*** Opening Source material ***

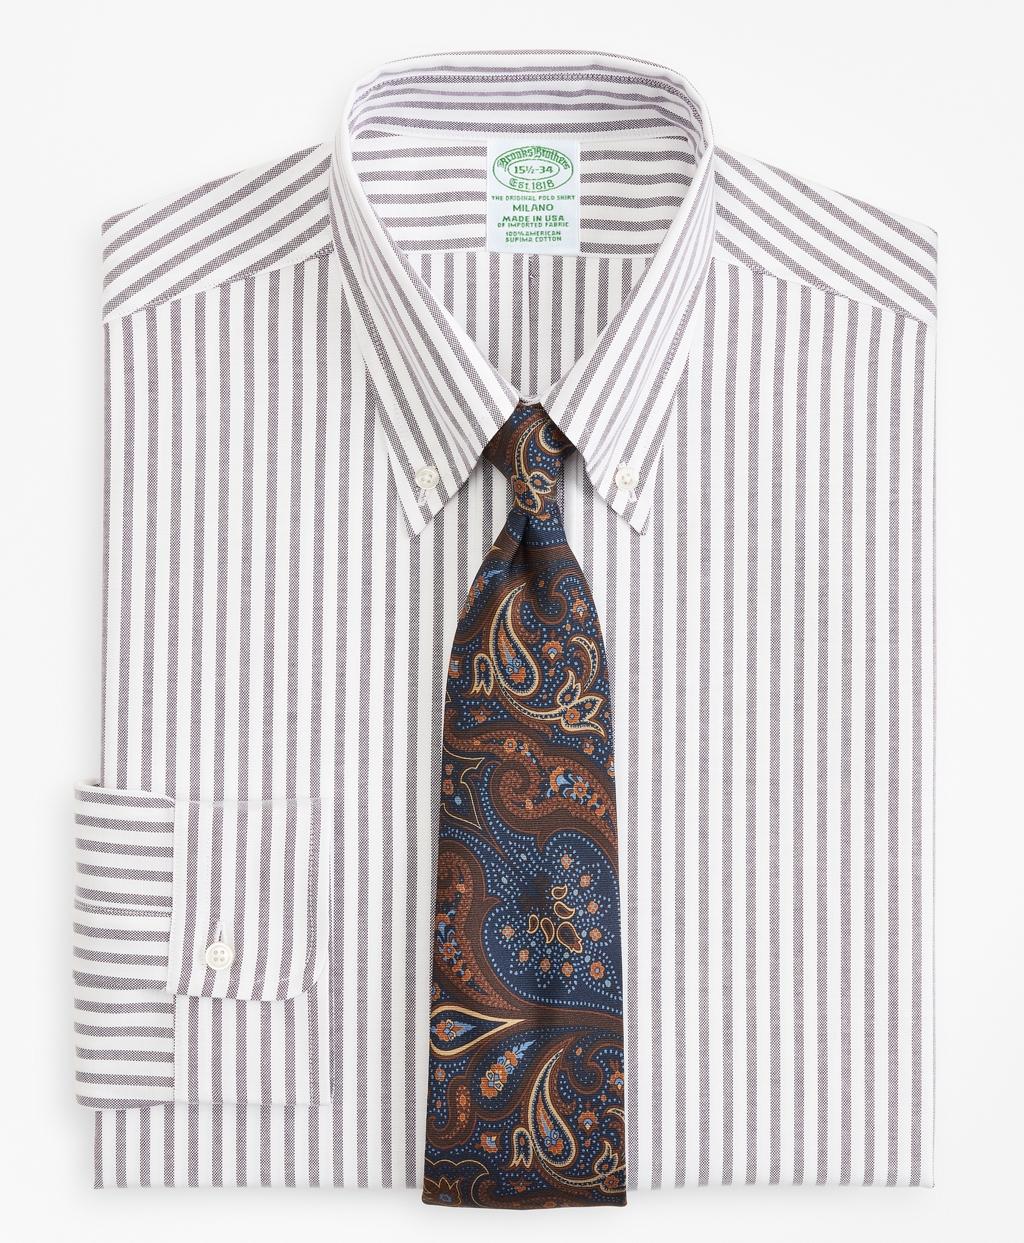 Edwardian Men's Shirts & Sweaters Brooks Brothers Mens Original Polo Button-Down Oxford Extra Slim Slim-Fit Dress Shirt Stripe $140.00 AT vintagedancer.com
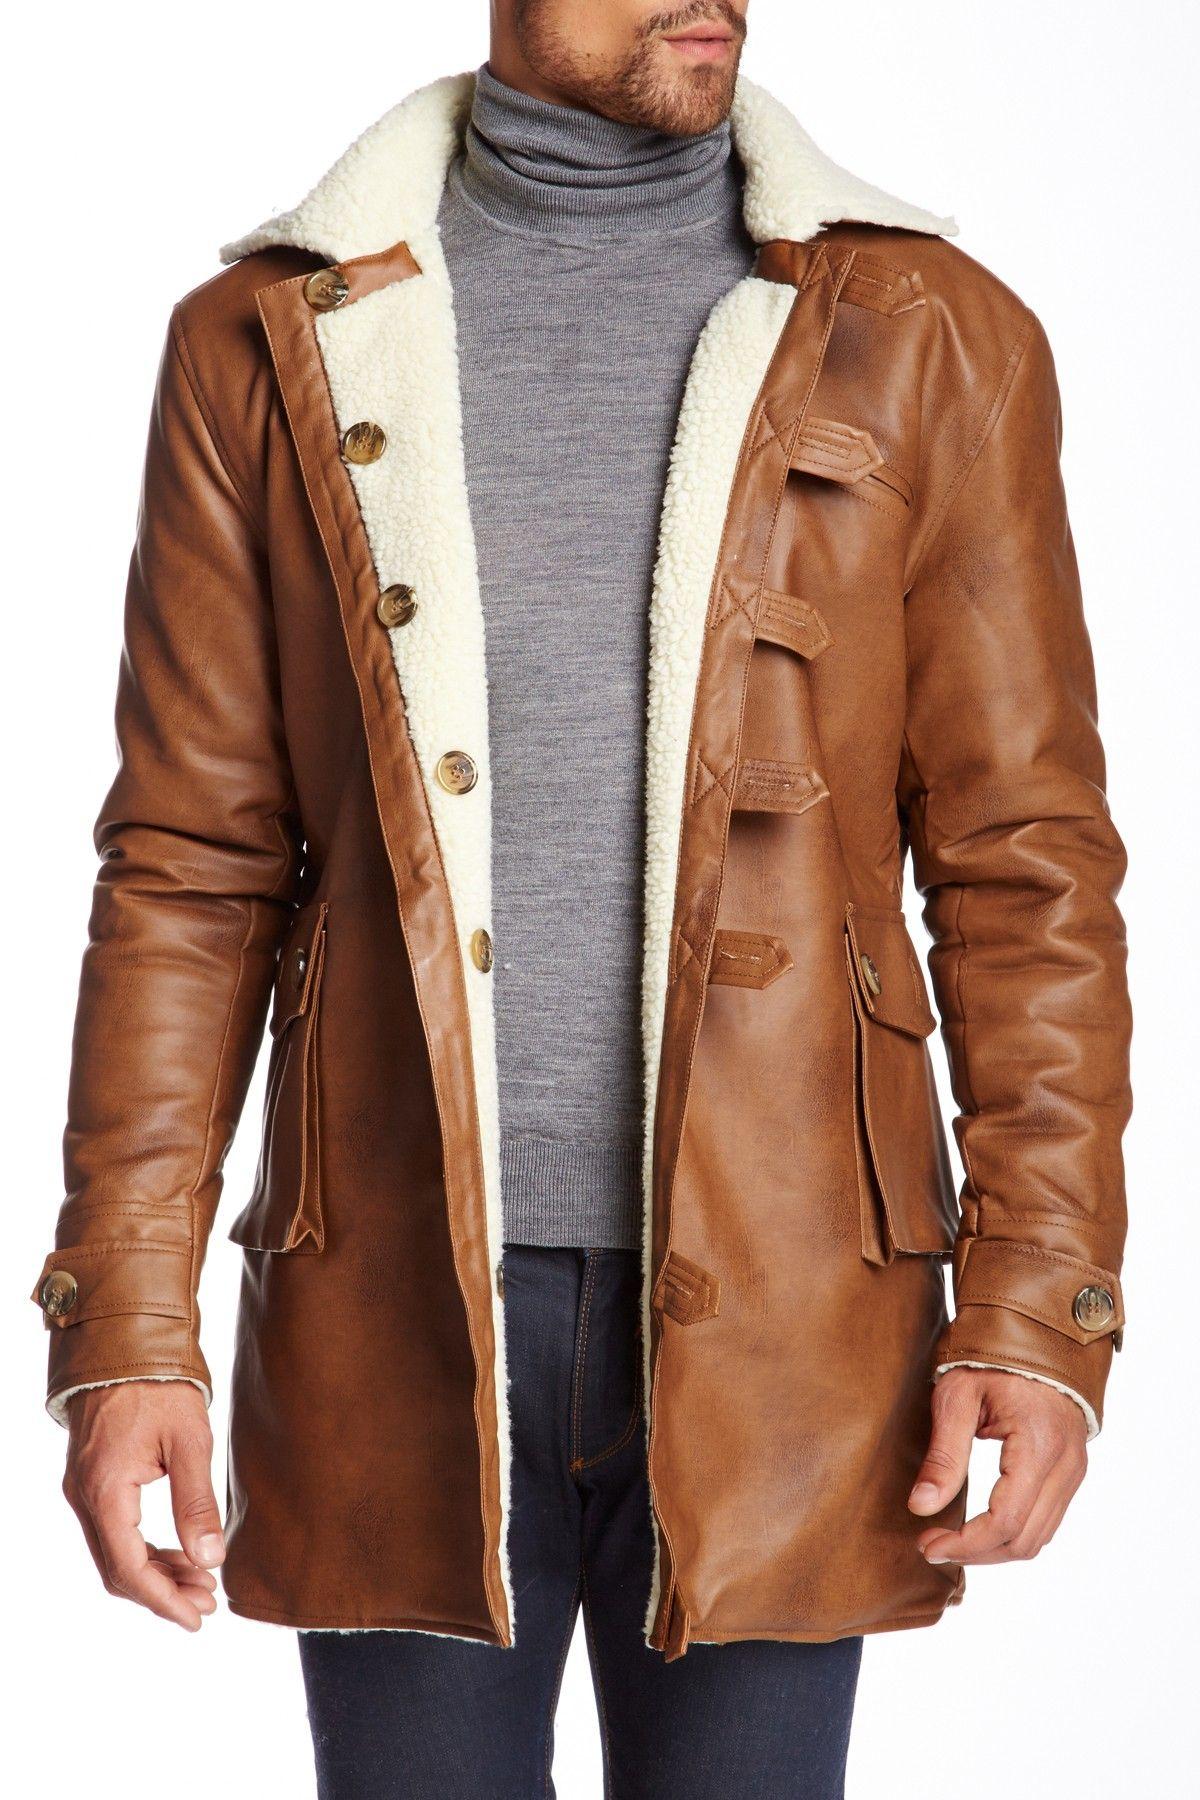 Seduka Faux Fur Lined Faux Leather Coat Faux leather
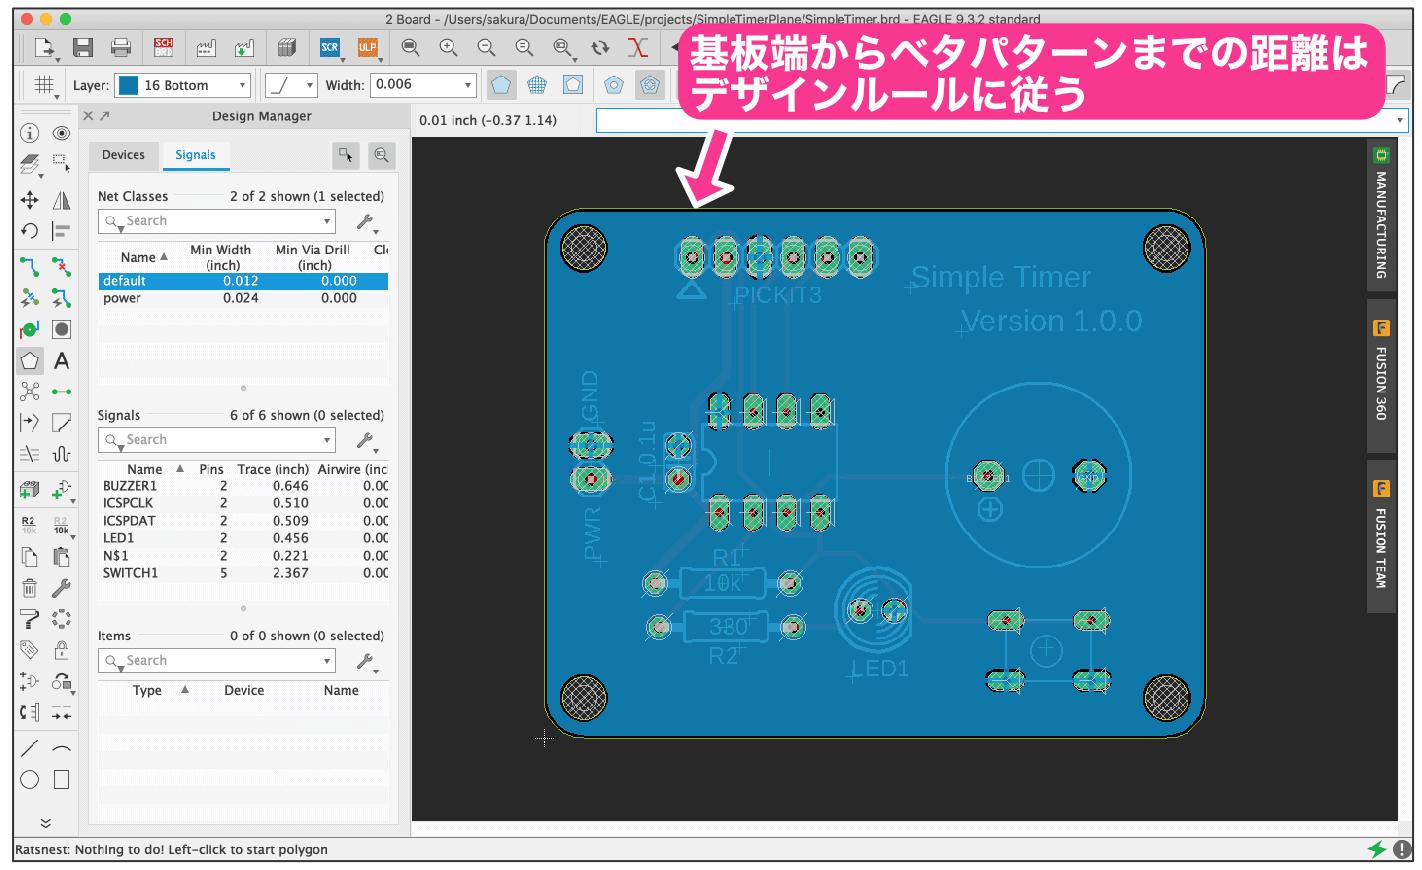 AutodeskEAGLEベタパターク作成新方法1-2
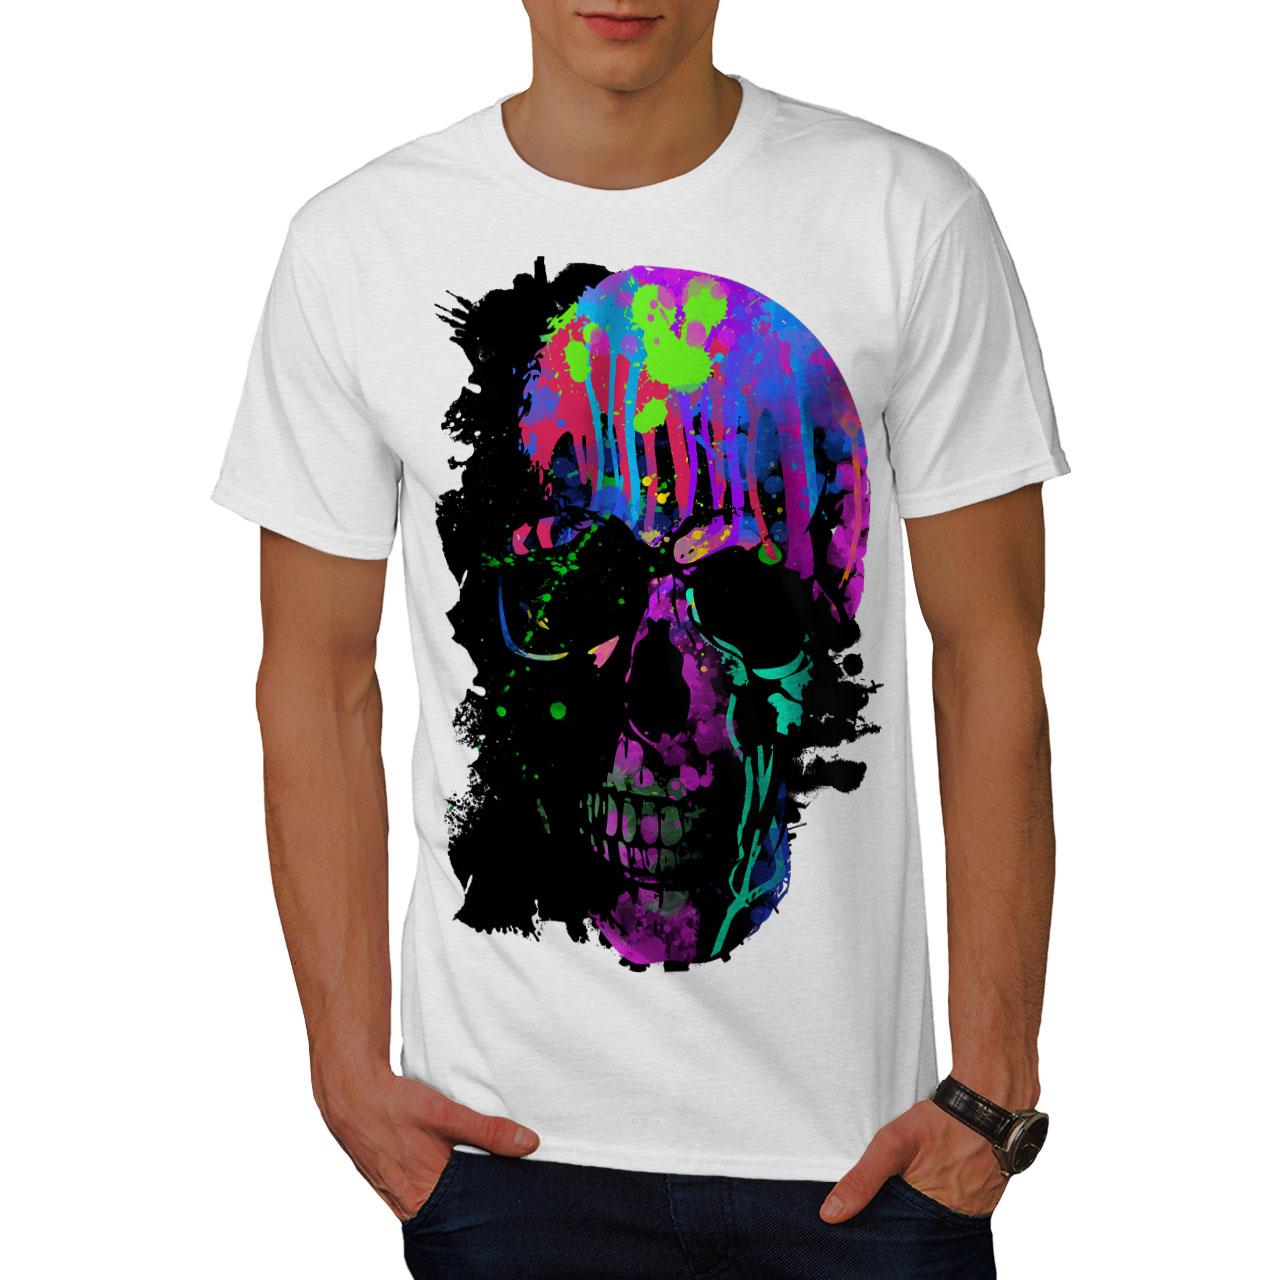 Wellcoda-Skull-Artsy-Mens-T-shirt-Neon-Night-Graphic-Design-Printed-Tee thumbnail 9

*** Closing Source material ***

* [What is needed]:
Everything from the line containing "AutodeskEAGLEベタパターク作成新方法1-2" through the final line of the material must be set down exactly, except the pictures.

* [Solution for this exercise]:
 AutodeskEAGLEベタパターク作成新方法1-2
 Wellcoda-Skull-Artsy-Mens-T-shirt-Neon-Night-Graphic-Design-Printed-Tee thumbnail 9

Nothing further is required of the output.